La nouvelle cartographie des dépenses militaires « La nouvelle cartographie des dépenses militaires mise en place au 1 er janvier 2010 a centralisé la responsabilité de l'ordonnancement en matière de solde des militaires des trois armées, du service de santé des armées et de la gendarmerie nationale sur un ordonnateur unique, le Service exécutant de la solde unique (SESU), situé à Metz. « Corrélativement, la direction régionale des finances publiques (DRFiP) de Moselle est devenue comptable unique de la solde des militaires, et dans ce cadre comptable assignataire de la recette « militaire » du CAS pensions. Jusqu'au 31 décembre 2009, six comptables étaient assignataires des dépenses militaires de paie. « Cette réorganisation a coïncidé avec le déploiement de CHORUS au 1 er janvier 2010 dans les services gestionnaires du ministère de la défense. « Les demandes de paiement des contributions militaires du ministère de la défense ont ainsi été émises à partir du 1 er janvier 2010 dans CHORUS, suivies par les contributions employeurs de la gendarmerie à partir du 1 er janvier 2011. « Ces réorganisations, dans un contexte de changement applicatif, ont impacté les délais de comptabilisation des recettes budgétaires correspondantes pour le CAS « Pensions », sans, toutefois, que l'équilibre du CAS « Pensions » en soit affecté. Ces questions ont donné lieu à de nombreux échanges entre la DGFiP, la direction du budget et le ministère de la défense au cours des années 2011 et 2012 ». Source : SRE, réponse au questionnaire de votre rapporteur spécial |
En 2006, l'IGF avait également souligné les insuffisances du suivi des personnels militaires dits « hors budget » , c'est-à-dire employés dans la sphère publique de l'Etat en dehors des armées :
« Les militaires "hors budget" font l'objet d'un suivi très insuffisant de la part du ministère de la défense et des ministères employeurs (affaires étrangères, outre-mer, intérieur, équipement) » 27 ( * ) .
Dans son rapport précité de 2006, l'IGF avait aussi mis en évidence le manque de connaissance des contributions et cotisations dues par les établissements publics :
« Dans le cas des établissements publics, il n'existe aucune liste exhaustive des débiteurs du CAS « Pensions » . De plus, plusieurs comptables peuvent intervenir pour un même établissement public et, pour la plupart d'entre eux, ils ne connaissent pas l'assiette des contributions et cotisations qu'ils sont censés recouvrer.
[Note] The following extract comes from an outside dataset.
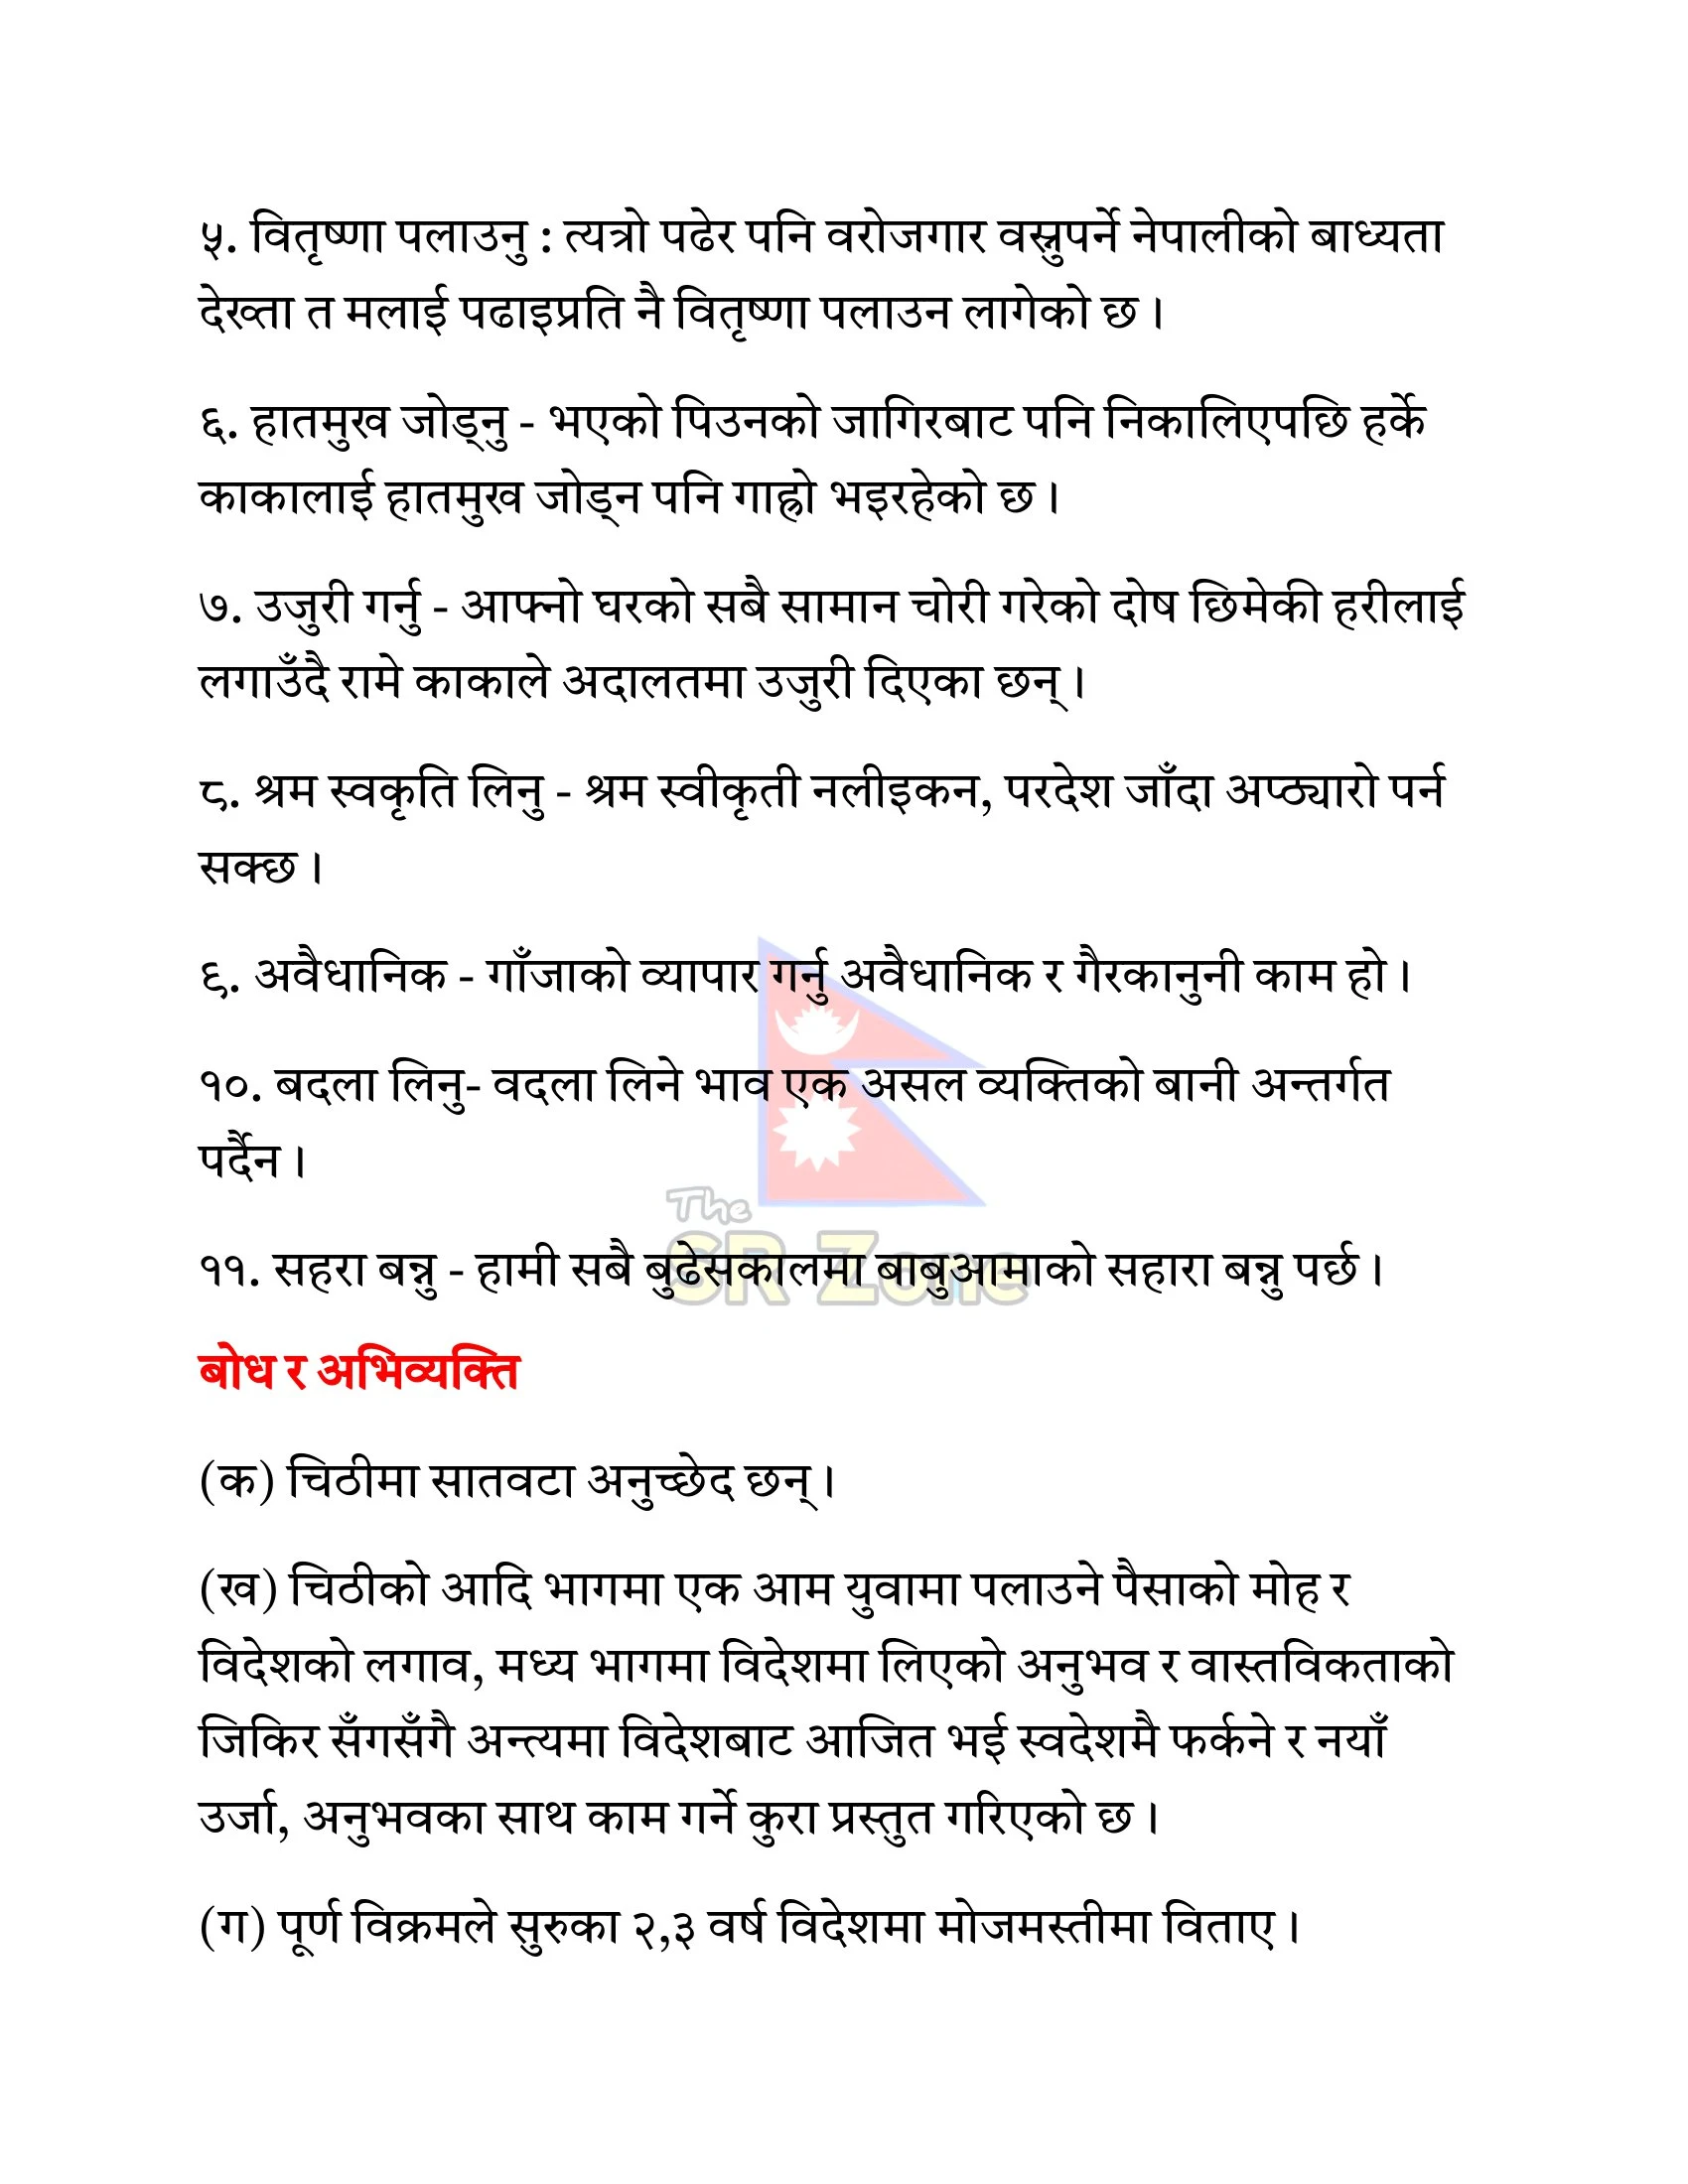 Sathi lai Chithi Exercise PDF : Class 11 Nepali Unit 5 Questions Answers

Les difficultés sont accrues pour les agents détachés dont la situation est mal connue et qui sont suivis par les ministères d'origine de l'agent sans aucune coordination » 28 ( * ) .
Interrogé sur ce point, le SRE a répondu qu'une responsabilisation des employeurs d'agents détachés a été mise en place corrélativement à une simplification des modalités de versement au CAS « Pensions ». Des procédures de suivi effectif des cotisations dues par les autres employeurs que l'Etat, comme les établissements publics, ont toutefois permis des progrès (cf. encadré ci-dessous ) .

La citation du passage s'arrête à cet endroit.